Skip to content

trocco-io/embulk-output-databricks

Repository files navigation

Databricks output plugin for Embulk

Databricks output plugin for Embulk loads records to Databricks Delta Table.

Overview

  • Plugin type: output
  • Load all or nothing: depends on the mode. see below.
  • Resume supported: depends on the mode. see below.

Configuration

  • driver_path: path to the jar file of the JDBC driver. If not set, the bundled JDBC driver will be used. (string, optional)
  • options: extra JDBC properties (hash, default: {})
  • user_agent: set user agent property to JDBC and SDK connection. If 'UserAgentEntry' property is specified in the options, it will be overwritten by this value. (hash, optional)
    • product_name: product name of user agent (string, default: "unknown")
    • product_version: product version of user agent (string, default: "0.0.0")
  • server_hostname: The Databricks compute resource’s Server Hostname value, see Compute settings for the Databricks JDBC Driver. (string, required)
  • http_path: The Databricks compute resource’s HTTP Path value, see Compute settings for the Databricks JDBC Driver. (string, required)
  • auth_type: The Databricks authentication type, personal access token (PAT)-based or machine-to-machine (M2M) authentication. (pat, oauth-m2m, default: pat)
  • If auth_type is pat,
  • If auth_type is m2m-auth,
  • catalog_name: destination catalog name (string, required)
  • schema_name: destination schema name (string, required)
  • table: destination table name (string, required)
  • staging_volume_name_prefix: temporarily created managed volume prefix (string, default: "embulk_output_databricks_")
  • delete_stage: whether to delete a temporarily created managed volume after running embulk. (boolean, default: false)
  • delete_stage_on_error: if delete_stage_on_error is false and delete_stage is true, do not delete temporarily created volumes in case of error. (boolean, default: false)
  • retry_limit: max retry count for database operations (integer, default: 12). When intermediate table to create already created by another process, this plugin will retry with another table name to avoid collision.
  • retry_wait: initial retry wait time in milliseconds (integer, default: 1000 (1 second))
  • max_retry_wait: upper limit of retry wait, which will be doubled at every retry (integer, default: 1800000 (30 minutes))
  • mode: "insert", "insert_direct", "truncate_insert", "replace" or "merge". See below. (string, required)
  • merge_keys: key column names for merging records in merge mode (string array, required in merge mode if table doesn't have primary key)
  • merge_rule: list of column assignments for updating existing records used in merge mode, for example "foo" = T."foo" + S."foo" (T means target table and S means source table). (string array, default: always overwrites with new values)
  • batch_size: size of a single batch insert (integer, default: 16777216)
  • default_timezone: If input column type (embulk type) is timestamp, this plugin needs to format the timestamp into a SQL string.
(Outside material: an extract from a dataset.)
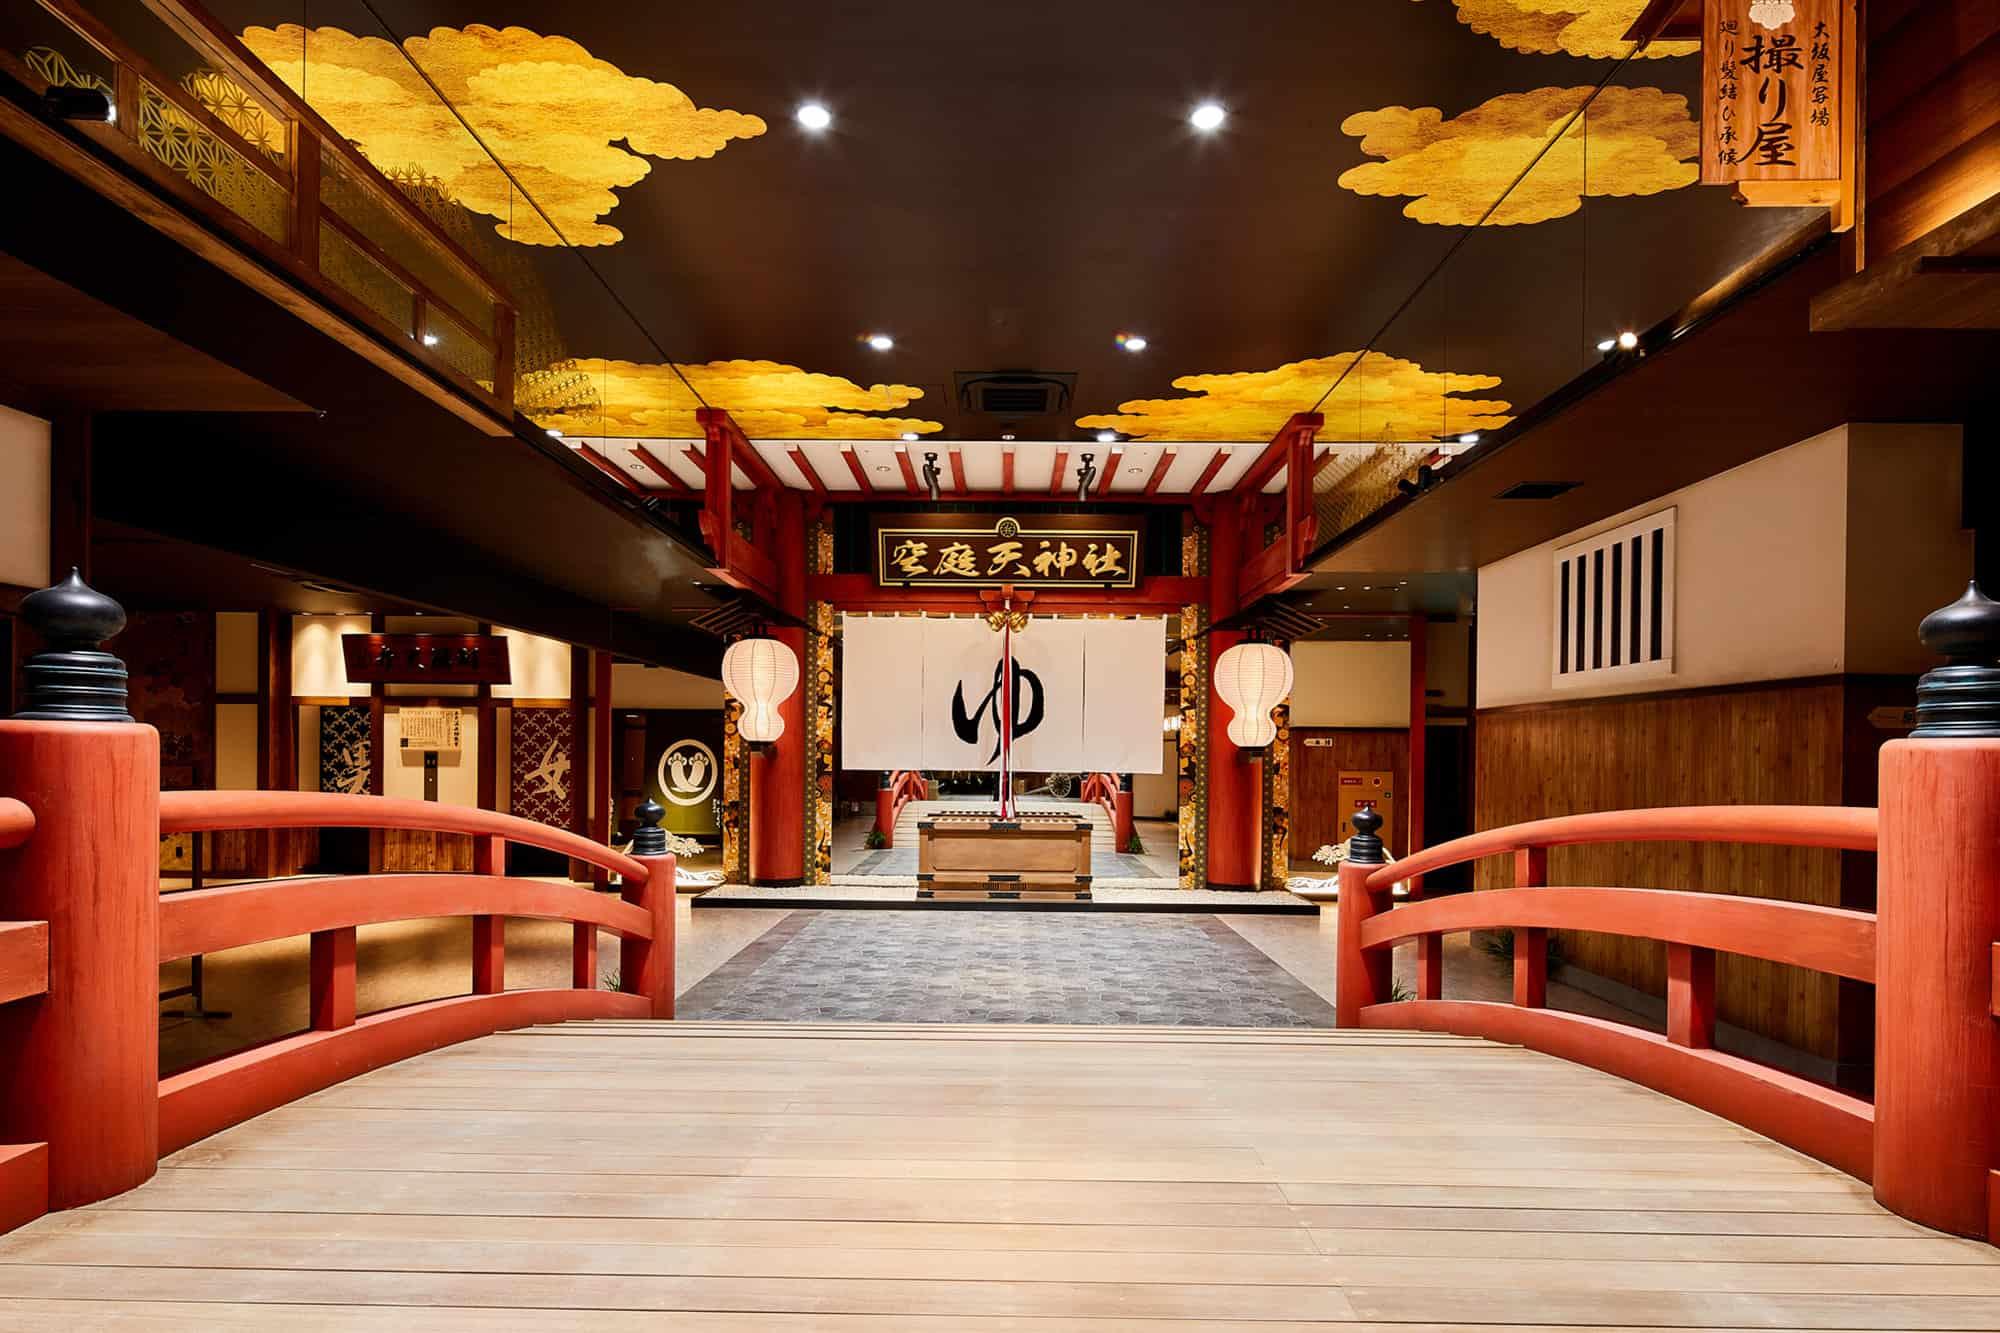 การตกแต่งภายในโซระนิวะ ออนเซ็น (Solaniwa Onsen) โอซาก้า (Osaka)

This default_timezone option is used to control the timezone. You can overwrite timezone for each columns using column_options option. (string, default: UTC)
  • column_options: advanced: a key-value pairs where key is a column name and value is options for the column.
    • type: type of a column when this plugin creates new tables (e.g. STRING, INTEGER NOT NULL UNIQUE). This used when this plugin creates intermediate tables (insert, truncate_insert and merge modes), when it creates the target table (insert_direct and replace modes), and when it creates nonexistent target table automatically. (string, default: depends on input column type. BIGINT if input column type is long, BOOLEAN if boolean, DOUBLE if double, STRING if string, TIMESTAMP if timestamp, STRING if json, see here for available types except binary, array, map, struct, timestamp_ntz and interval. )
    • value_type: This plugin converts input column type (embulk type) into a database type to build a TSV to put TSV to internal storage. This value_type option controls the type of the value in a TSV. (string, default: depends on the sql type of the column. Available values options are: byte, short, int, long, double, float, boolean, string, nstring, date, time, timestamp, decimal, json, null, pass)
    • timestamp_format: If input column type (embulk type) is timestamp and value_type is string or nstring, this plugin needs to format the timestamp value into a string. This timestamp_format option is used to control the format of the timestamp. (string, default: %Y-%m-%d %H:%M:%S.%6N)
    • timezone: If input column type (embulk type) is timestamp, this plugin needs to format the timestamp value into a SQL string. In this cases, this timezone option is used to control the timezone. (string, value of default_timezone option is used by default)
  • before_load: if set, this SQL will be executed before loading all records. In truncate_insert mode, the SQL will be executed after truncating. replace mode doesn't support this option.
  • after_load: if set, this SQL will be executed after loading all records.

Modes

  • insert:
    • Behavior: This mode writes rows to some intermediate tables first. If all those tasks run correctly, runs INSERT INTO <target_table> SELECT * FROM <intermediate_table_1> UNION ALL SELECT * FROM <intermediate_table_2> UNION ALL ... query. If the target table doesn't exist, it is created automatically.
    • Transactional: Yes. This mode successfully writes all rows, or fails with writing zero rows.
    • Resumable: No.
  • insert_direct:
    • Behavior: This mode inserts rows to the target table directly. If the target table doesn't exist, it is created automatically.
    • Transactional: No. If fails, the target table could have some rows inserted.
    • Resumable: No.
  • truncate_insert:
    • Behavior: Same with insert mode excepting that it truncates the target table right before the last INSERT ... query.
    • Transactional: Yes.
    • Resumable: No.
  • replace:
    • Behavior: This mode writes rows to an intermediate table first. If all those tasks run correctly, drops the target table and alters the name of the intermediate table into the target table name.
    • Transactional: Yes.
    • Resumable: No.
  • merge:
    • Behavior: This mode writes rows to some intermediate tables first. If all those tasks run correctly, runs MERGE INTO ... WHEN MATCHED THEN UPDATE ... WHEN NOT MATCHED THEN INSERT ... query. Namely, if merge keys of a record in the intermediate tables already exist in the target table, the target record is updated by the intermediate record, otherwise the intermediate record is inserted. If the target table doesn't exist, it is created automatically.
    • Transactional: Yes.
    • Resumable: No.

Note

This plugin does not support TIMESTAMP_NTZ、INTERVAL types, if target tables contain these types, embulk will raise a runtime error. (Because The official Databricks JDBC driver does not support TIMESTAMP_NTZINTERVAL types].)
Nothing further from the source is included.